Réforme des retraites : la stratégie de la violence

par LATOUILLE
mardi 28 mars 2023

 Ne nous payons pas de mots et nommons en vérité les choses. L’usage intensif de gaz lacrymogène, de grenades et de canons à eau avant même toute action violente de la part de manifestants démontre bien la volonté du Chef de l’État de provoquer la violence. Aujourd’hui, 28 mars 2023, à Rennes des manifestants étaient attendus par des policiers qui font un usage massif de gaz lacrymogène. Ce lien devrait permettre de visionner la situation à Rennes cet après-midi du 28 mars : Grève du 28 mars à Rennes : fin de manifestation, affrontements au centre-ville | Actu Rennes

 La réaction de certains manifestants est alors très vive, conduisant à des actions inadmissibles et intolérables mais excusables, qui amène les policiers noyer les manifestants dans du gaz lacrymogène ce qui rappelle une triste époque de l’histoire de l’humanité il y a 80 ans.

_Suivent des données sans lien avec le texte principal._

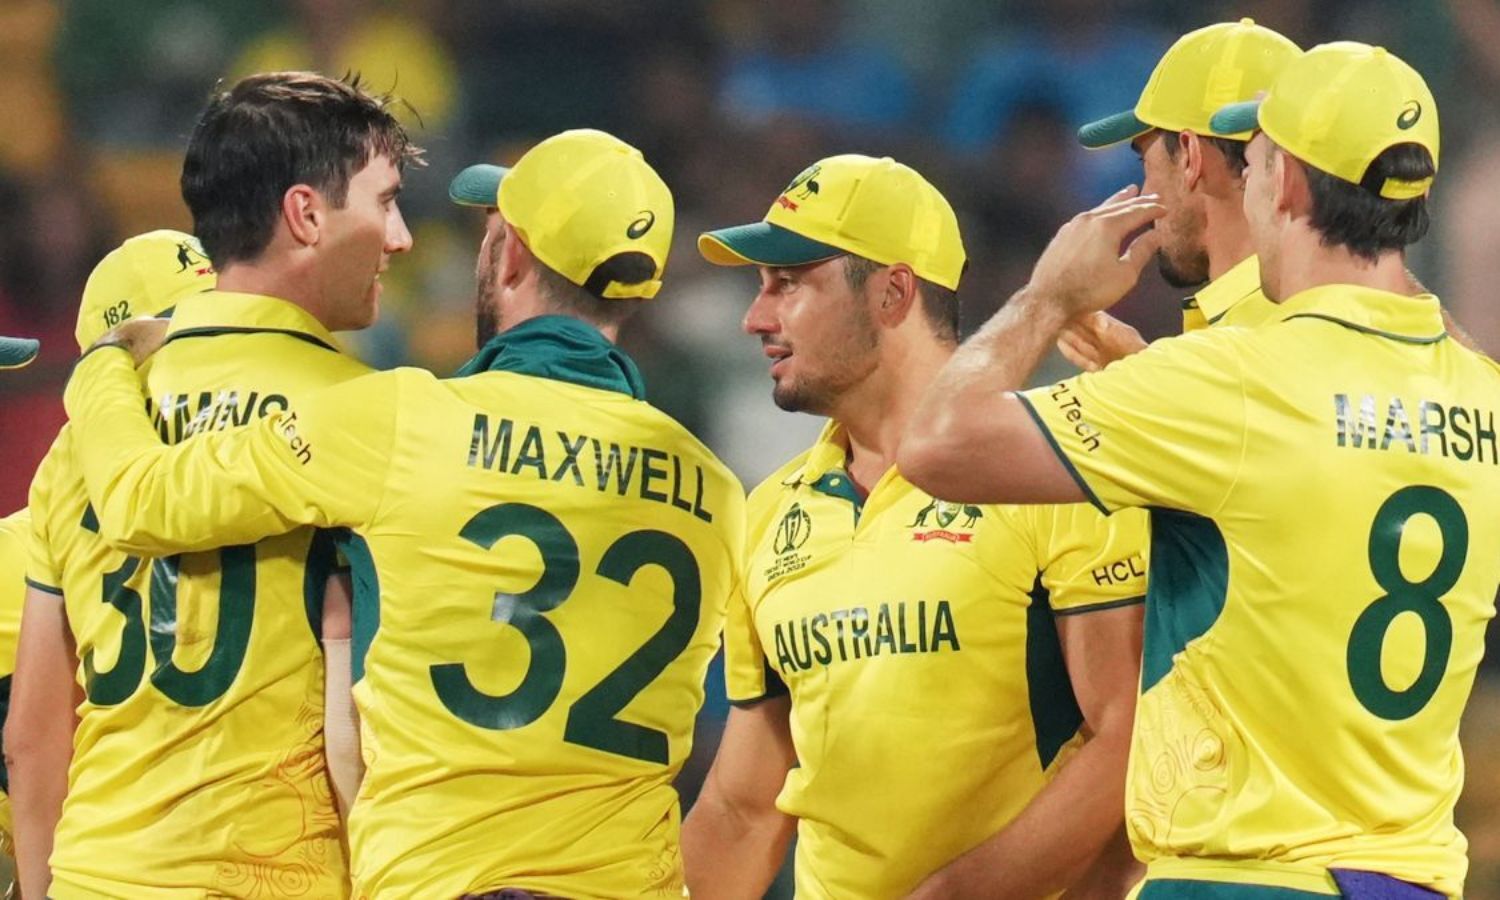 With IPL players absent, Australia’s support staff take field in warm up matches

C’est ce qui s’est passé à Sainte-Soline où les gendarmes ont littéralement chargé contre les manifestants.

 Alors on nous explique que le travail de la police a pour but de protéger les manifestants contre les actions violentes des blacks blocs dont le ministre de l’Intérieur nous dit bien avant la manifestation combien ils seront sur le terrain. C’est sûr qu’en mutilant des personnes on les protège des malversations des trublions ; en les envoyant à l’hôpital, en quelque sorte, on leur sauve la vie.

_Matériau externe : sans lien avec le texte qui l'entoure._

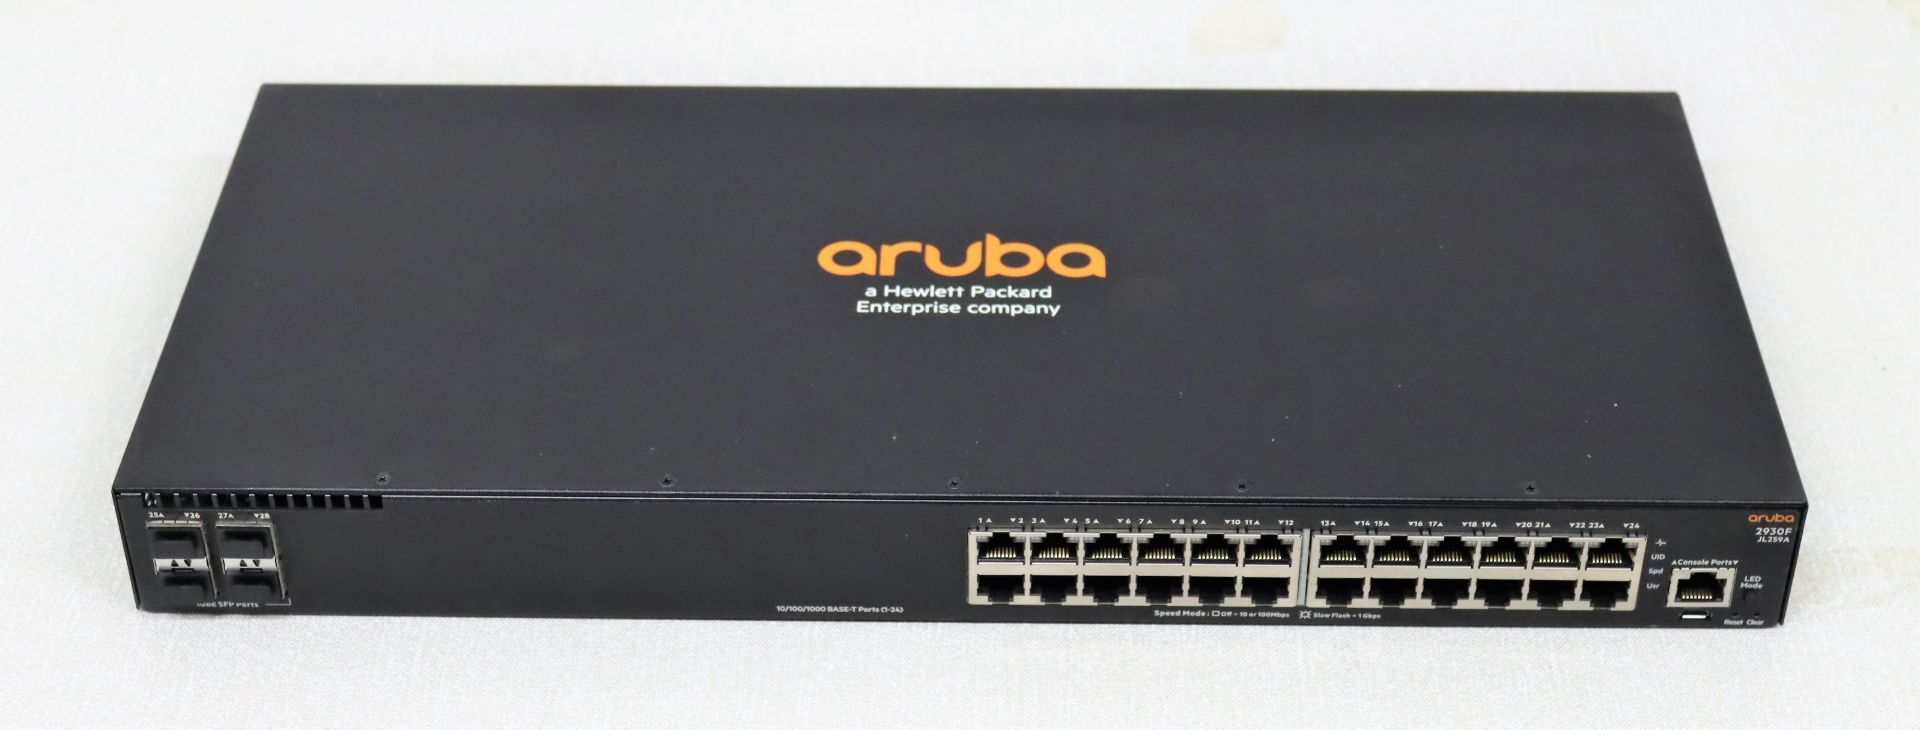 Two pre-owned HP Aruba 2930F (JL259A) 24-Port managed switches in black.

 Ce travail de destruction des personnes est voulu par le président de la République qui, comme un adolescent capricieux, ne supporte pas qu’on lui résiste. Cette violence d’État est portée par la propagande orchestrée par le ministre de l’Intérieur et colportée par le porte-parole du gouvernement, une propagande dans laquelle on perçoit des accents d’usage de la terreur à des fins de gouvernance que n’aurait vraisemblablement pas renié Goebbels. Quand on voit ce qui s’est passé à Sainte-Soline, notamment comment les forces de l’ordre (le mot est désormais obsolète, il s’agit plutôt de forces armées) ont investi des lieux où étaient soignés des blessés, quand on a vu l’action militaire conduite par des policiers à Paris lors des dernières manifestations on peut se demander à quand le retour des « chambres à gaz » : on mutile des gens, nos enfants à grands coups de grenades et de matraques, on leur roule dessus avec des motos ou des quads, on les asphyxie avec du gaz lacrymogène.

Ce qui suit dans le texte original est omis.